Saturday, February 23, 2019

Today we continue the discussion on the best practice from storage engineering:
496) Tags can be used to make recommendations against the data to be searched. Tags point to groups and the preferences of the group is used to make a ranked list of suggestions. This technique is called collaborative filtering. A common data structure that helps with keeping track of preferences is a nested dictionary. This dictionary could use a quantitative ranking say on a scale of 1 to 5 to denote the preferences of the participants in the selected group.

497) A useful data structure for mining the logical data model is the decision tree. Structure involves interior nodes = set (A1, … An) of categorical attributes . The leaf is the class label from domain(C). The edge is a value from domain(Ai), Ai associated with parent node. The property is a search tree. The tuples in R -> leafs in class labels . The decision tree's property is that it associates the tuples in R to the leafs i.e. class labels. The advantage of using a decision tree is that it can work with heterogeneous data and the decision boundary is parallel to the axis.

498) Clustering is a technique for categorization and segmentation of tuples. Given a relation R(A1, A2, ..., An), and a similarity function between rows of R. Find a set of those groups of rows in R with the objectives that the groups should be cohesive and not coupled. The tuples within a group are similar to each other. The tuples across group are dissimilar. The constraint is that the number of clusters may be given and the clusters should be significant.

499) Outliers are the rows that are most dissimilar. Given a relation R(A1, A2, ..., An), and a similarity function between rows of R, find rows in R which are dissimilar to most point in R. The objective is to maximize dissimilarity function in with a constraint on the number of outliers or significant outliers if given.

500) There are no containers for native support of decision tree, classified and outlier data in unstructured storage but since they can be represented in key values, they can be assigned to objects themselves or maintained in dedicated metadata.

Friday, February 22, 2019

Today we continue discussing the best practice from storage engineering:

493) To find similar people to form a group, we use some form of a similarity score. One way to calculate this score is to plot the items that the people have ranked in common and use them as axes in a chart. Then the people who are close together on the chart can form a group. These scores can then be used with tags. The same applies to resources.

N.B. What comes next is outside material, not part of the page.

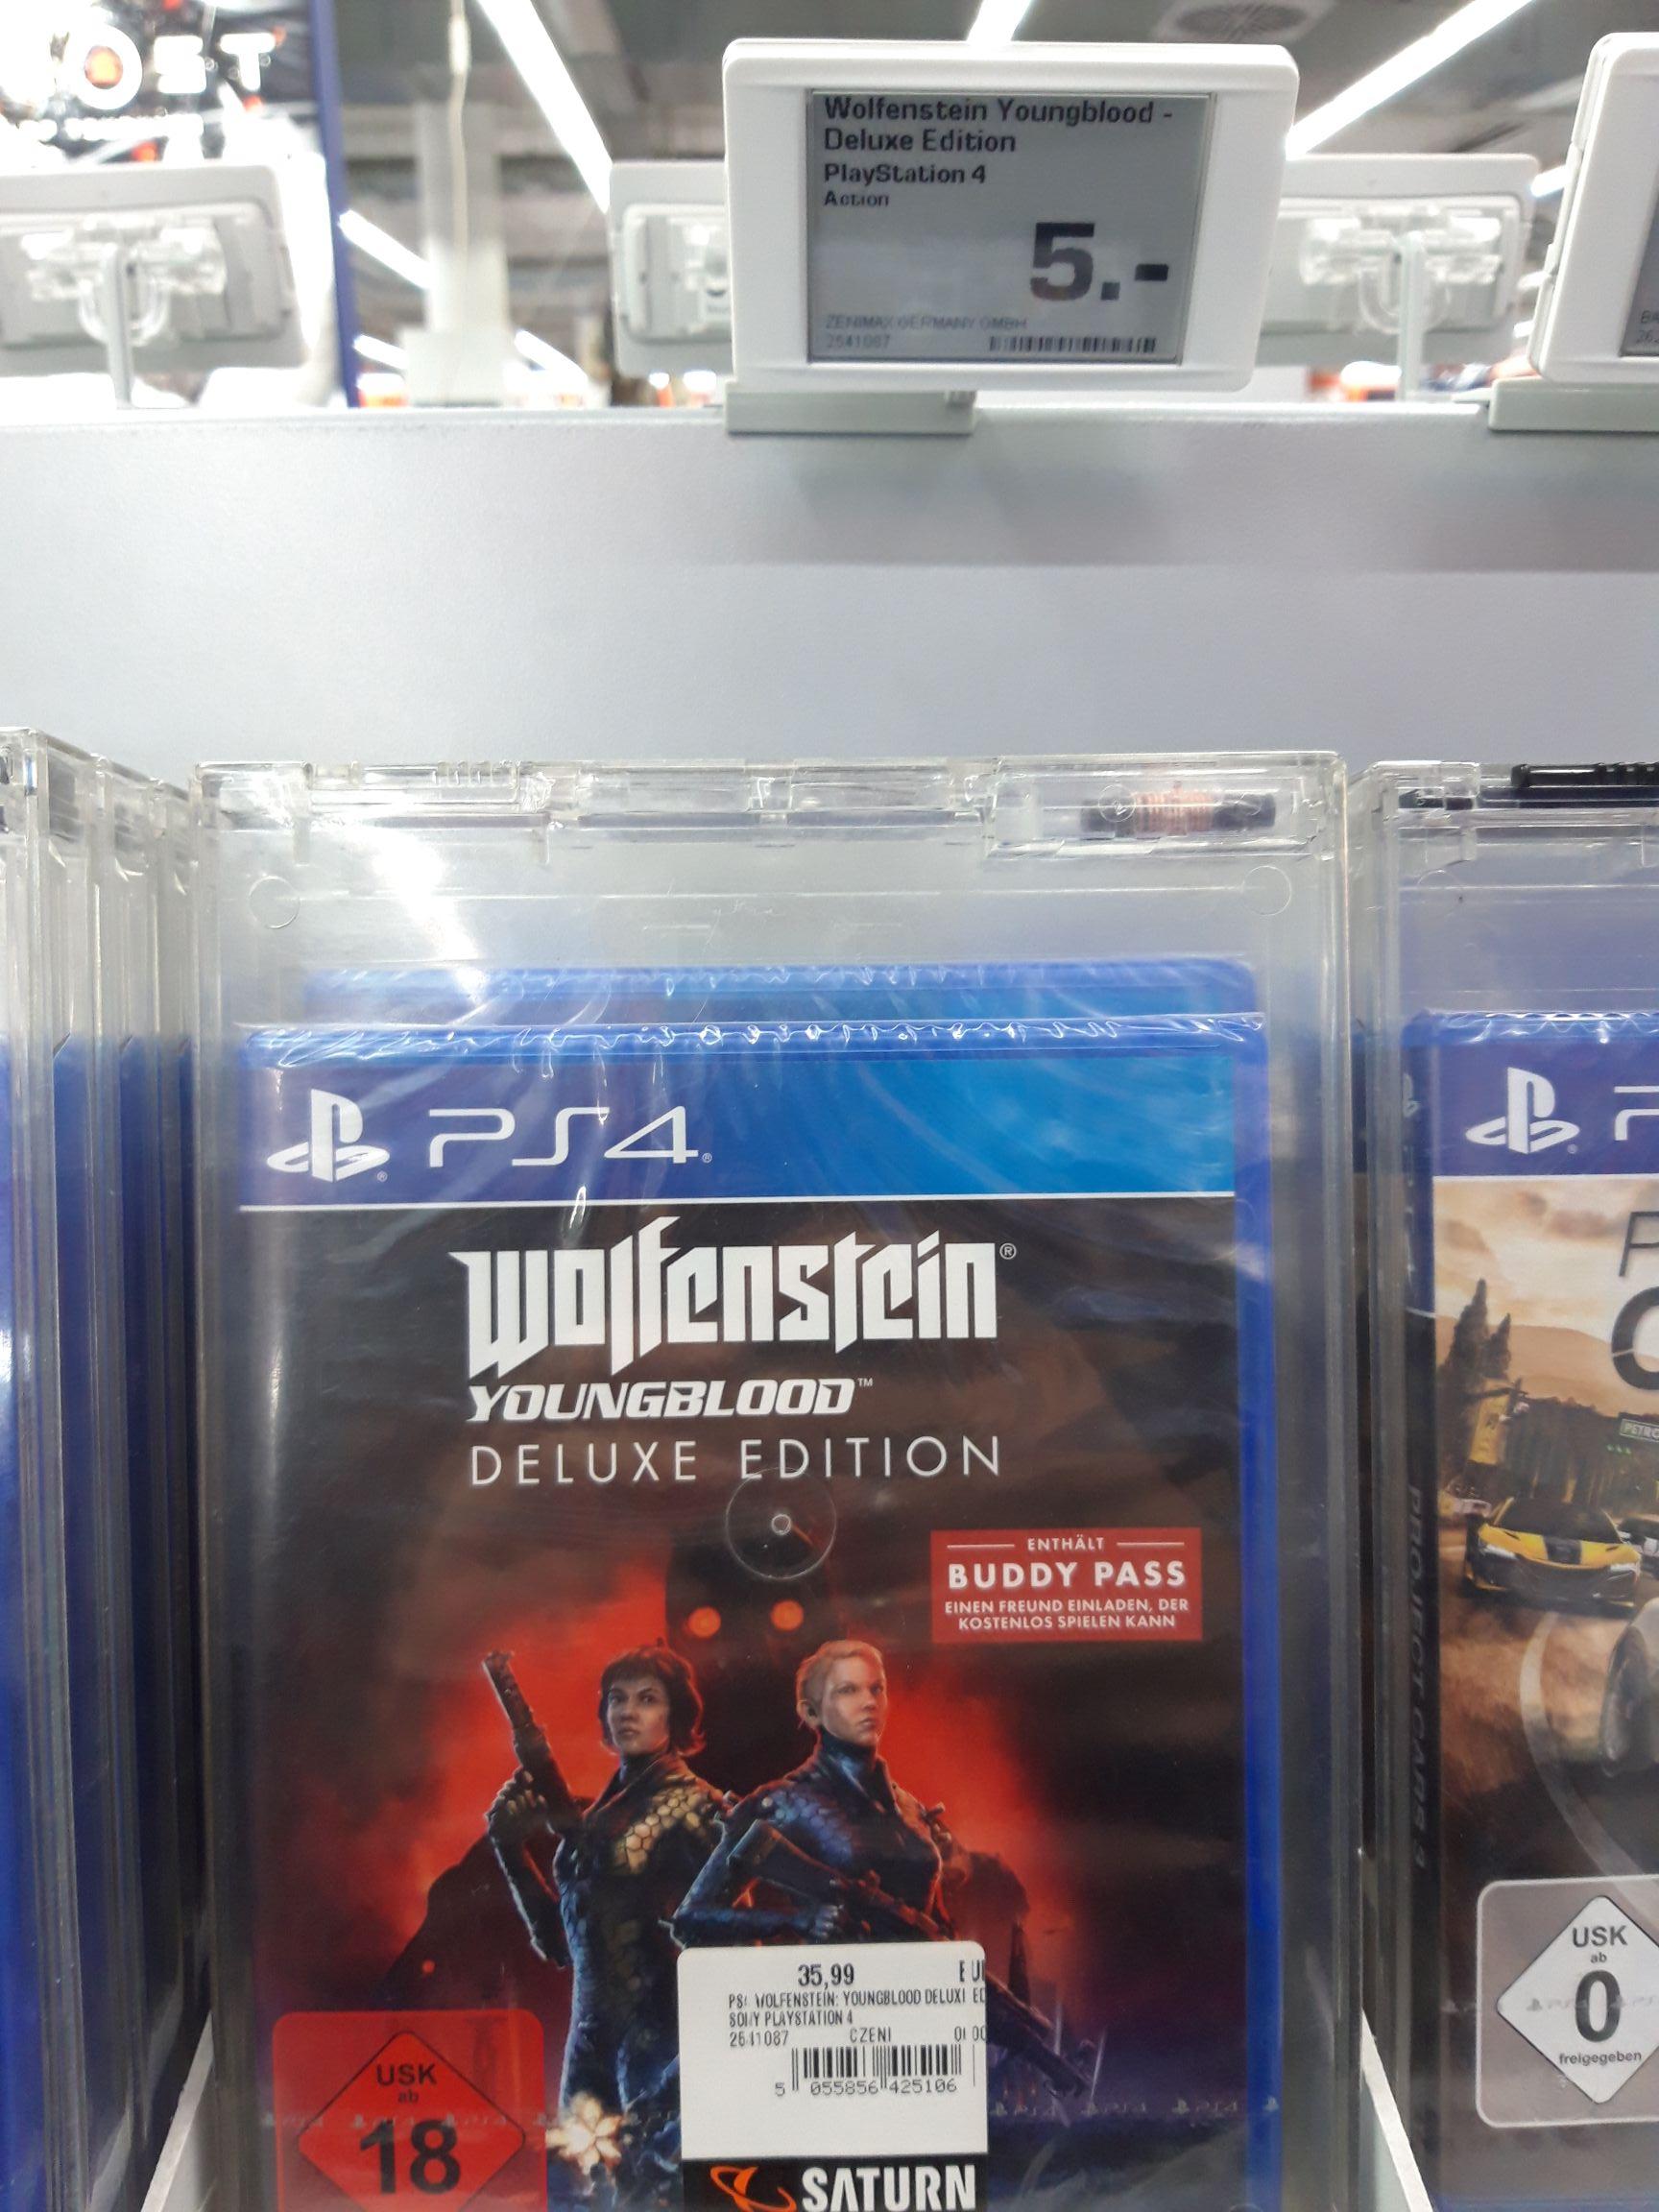 Lokal Saturn Wuppertal - Wolfenstein Youngblood Deluxe Edition für PS4

494) To determine the closeness a couple of mathematical formula help. In this case, we could use the Euclidean distance or the Pearson co-efficient. The Euclidean distance finds the distance between two points in a multidimensional space by taking the sum of the square of the differences between the coordinates of the points and then calculating the square root of the result.

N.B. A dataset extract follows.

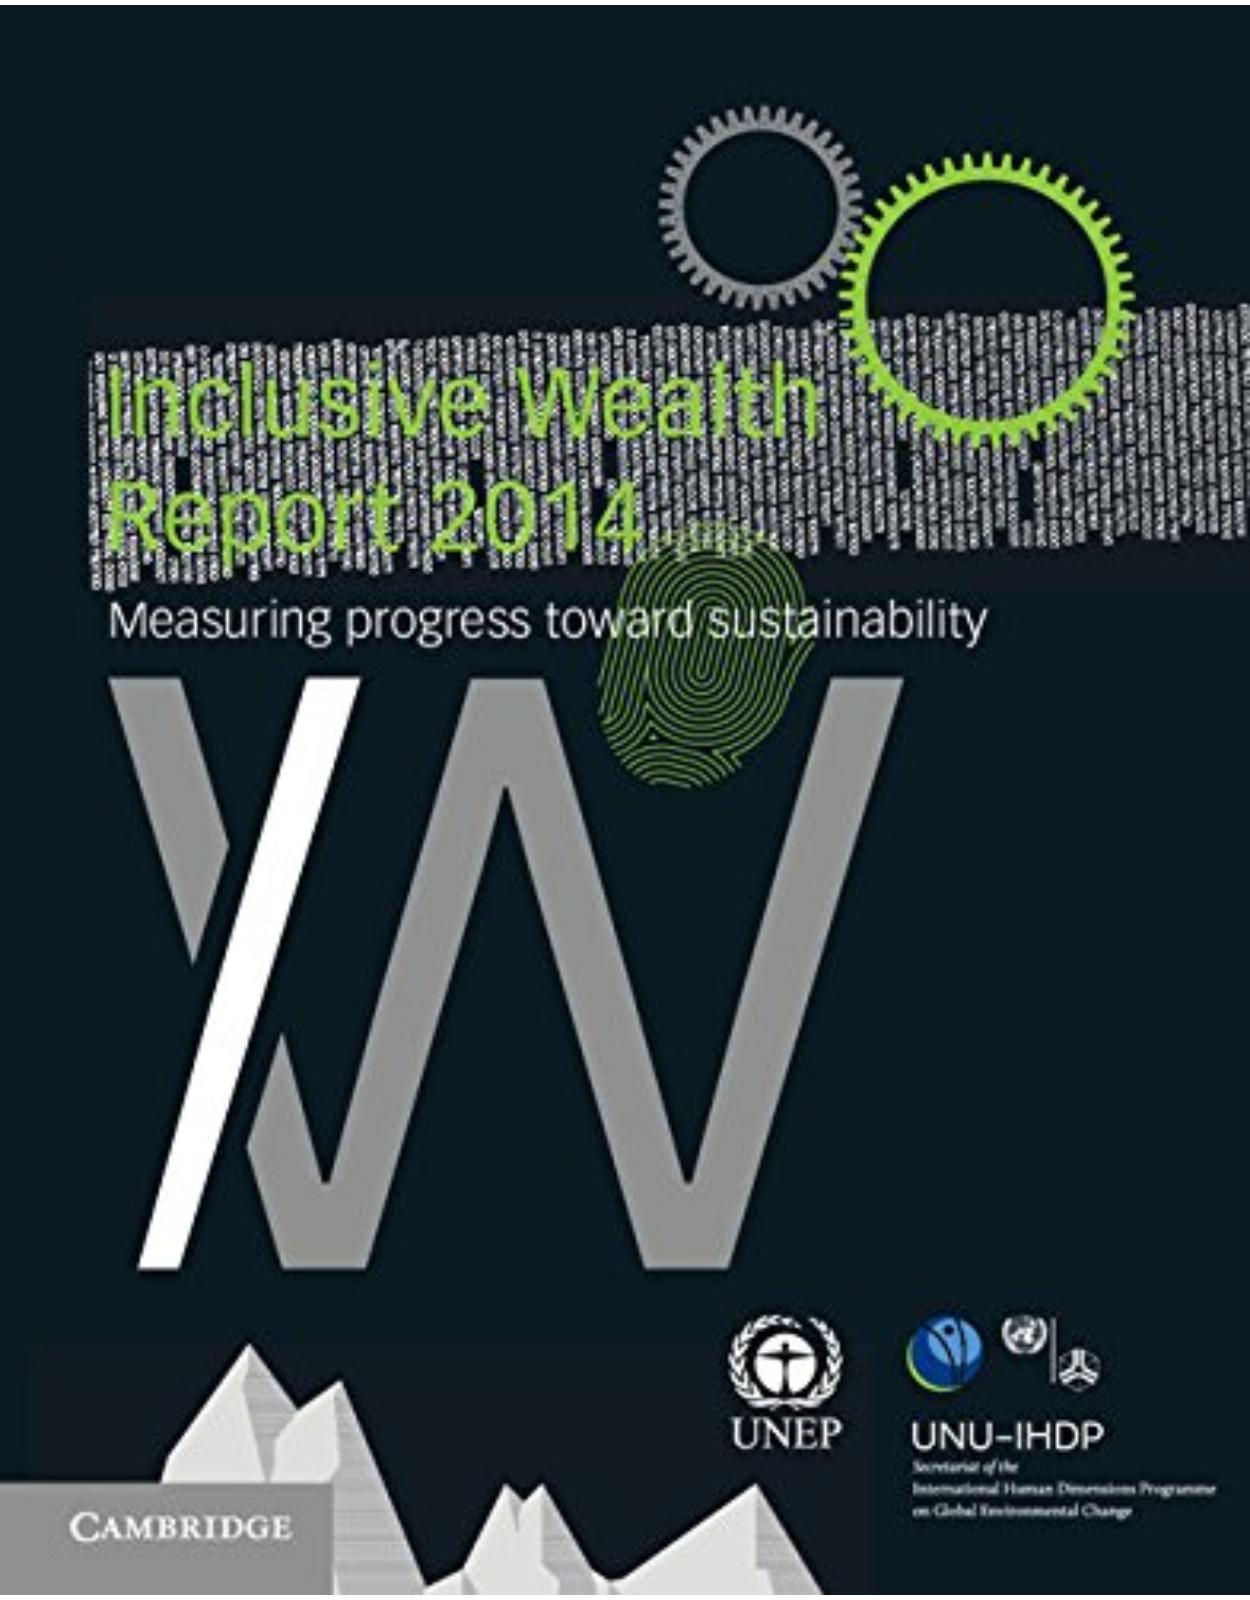 Inclusive Wealth Report 2014: Measuring Progress Towards Sustainability

495) The Pearson correlation co-efficient is a measure of how highly correlated the two variables are. It’s generally a value between -1 and 1 where -1 means that there is a perfect inverse correlation and 1 means there is a perfect correlation while 0 means there is no correlation. It is computed with the numerator as the sum of the two variables taken together minus the average of their individual sums and this is divided by the square-root of the product of the squares of the substitutions to the numerator by using the same variable instead of the other.

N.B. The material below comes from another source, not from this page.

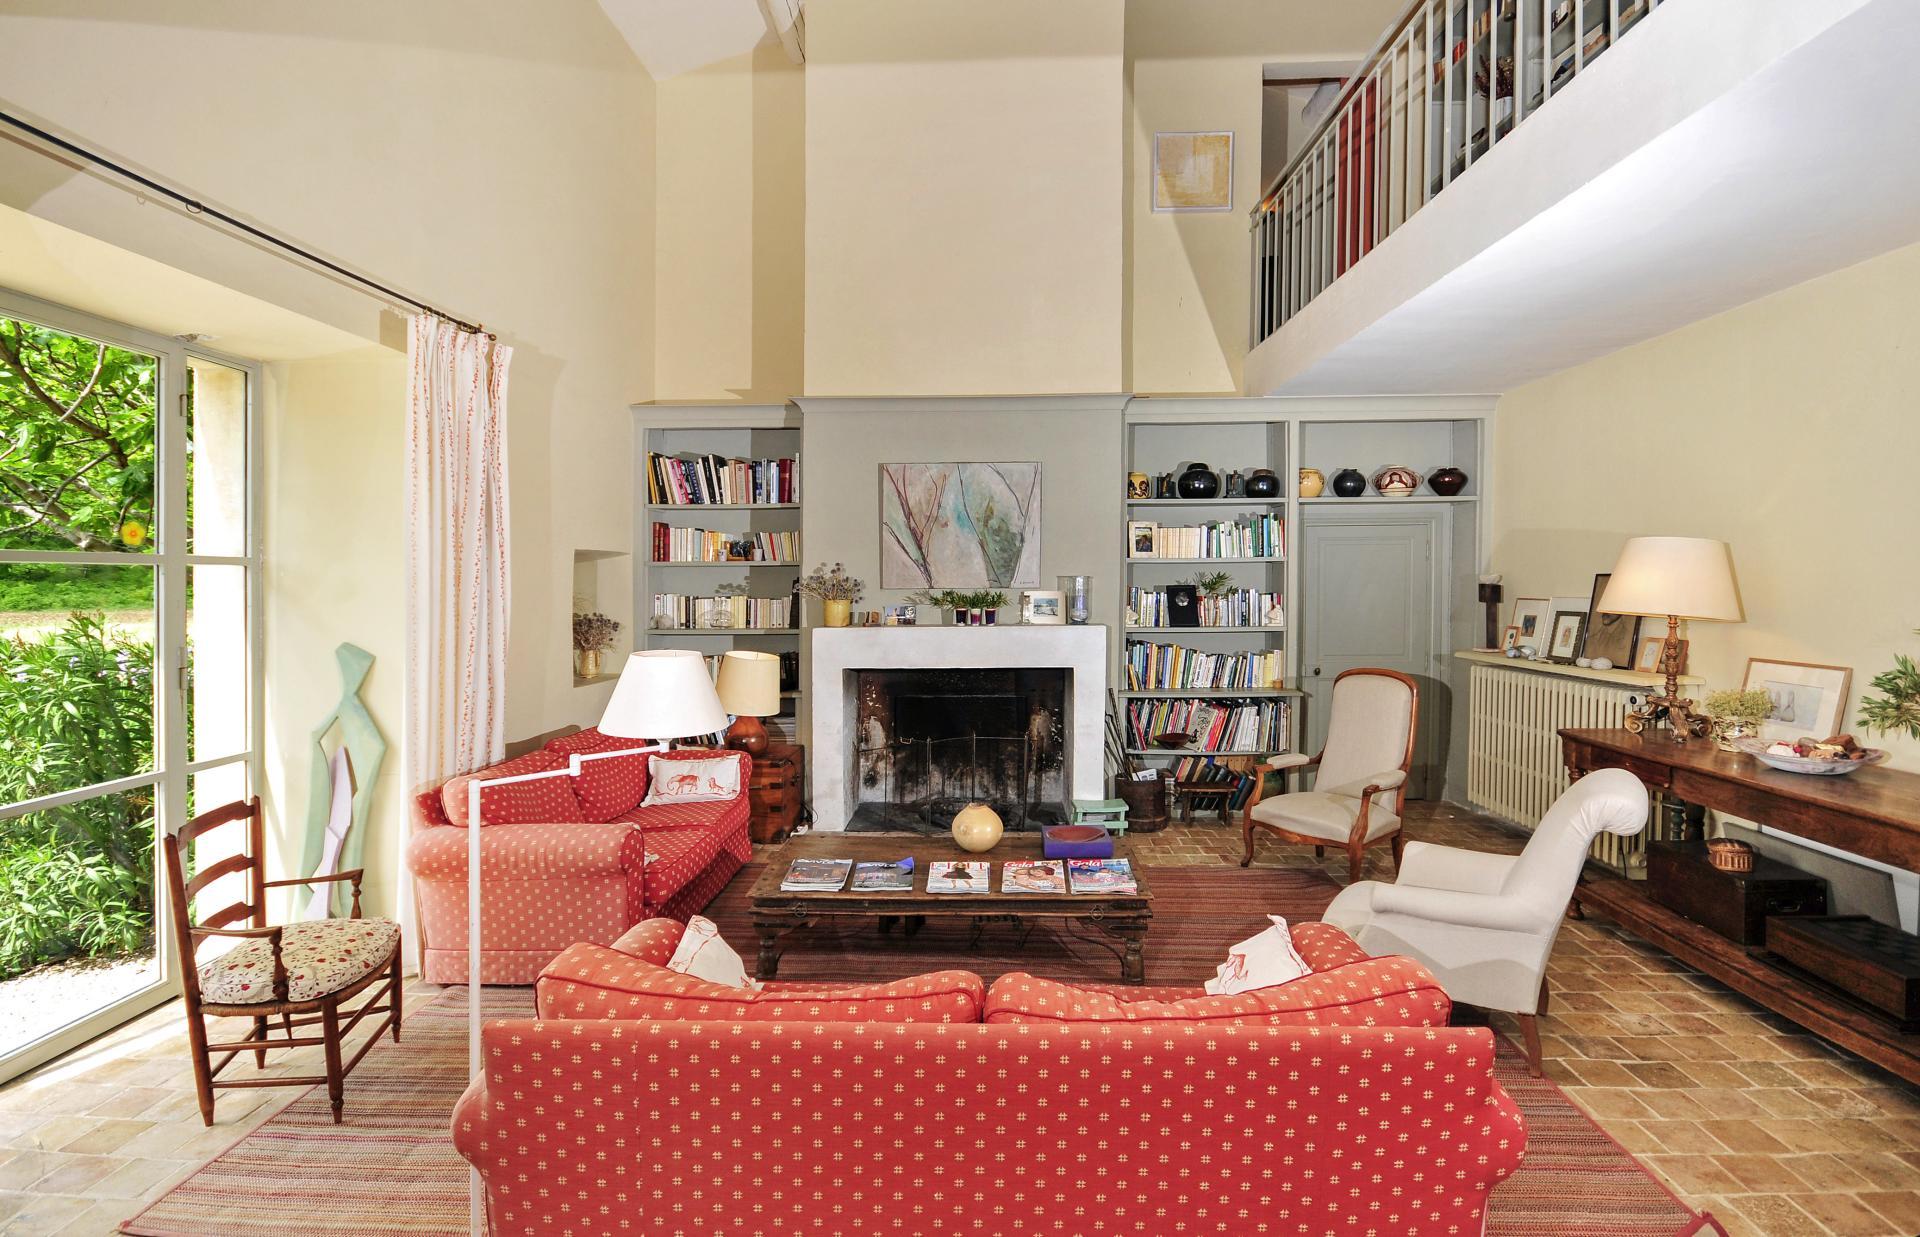 Lounge with Fireplace, Le Marronnier, Saignon, Provence.Living Room 2, Le Marronnier, Saignon, Prove

496) Tags can be used to make recommendations against the data to be searched. Tags point to groups and the preferences of the group is used to make a ranked list of suggestions. This technique is called collaborative filtering. A common data structure that helps with keeping track of preferences is a nested dictionary. This dictionary could use a quantitative ranking say on a scale of 1 to 5 to denote the preferences of the participants in the selected group.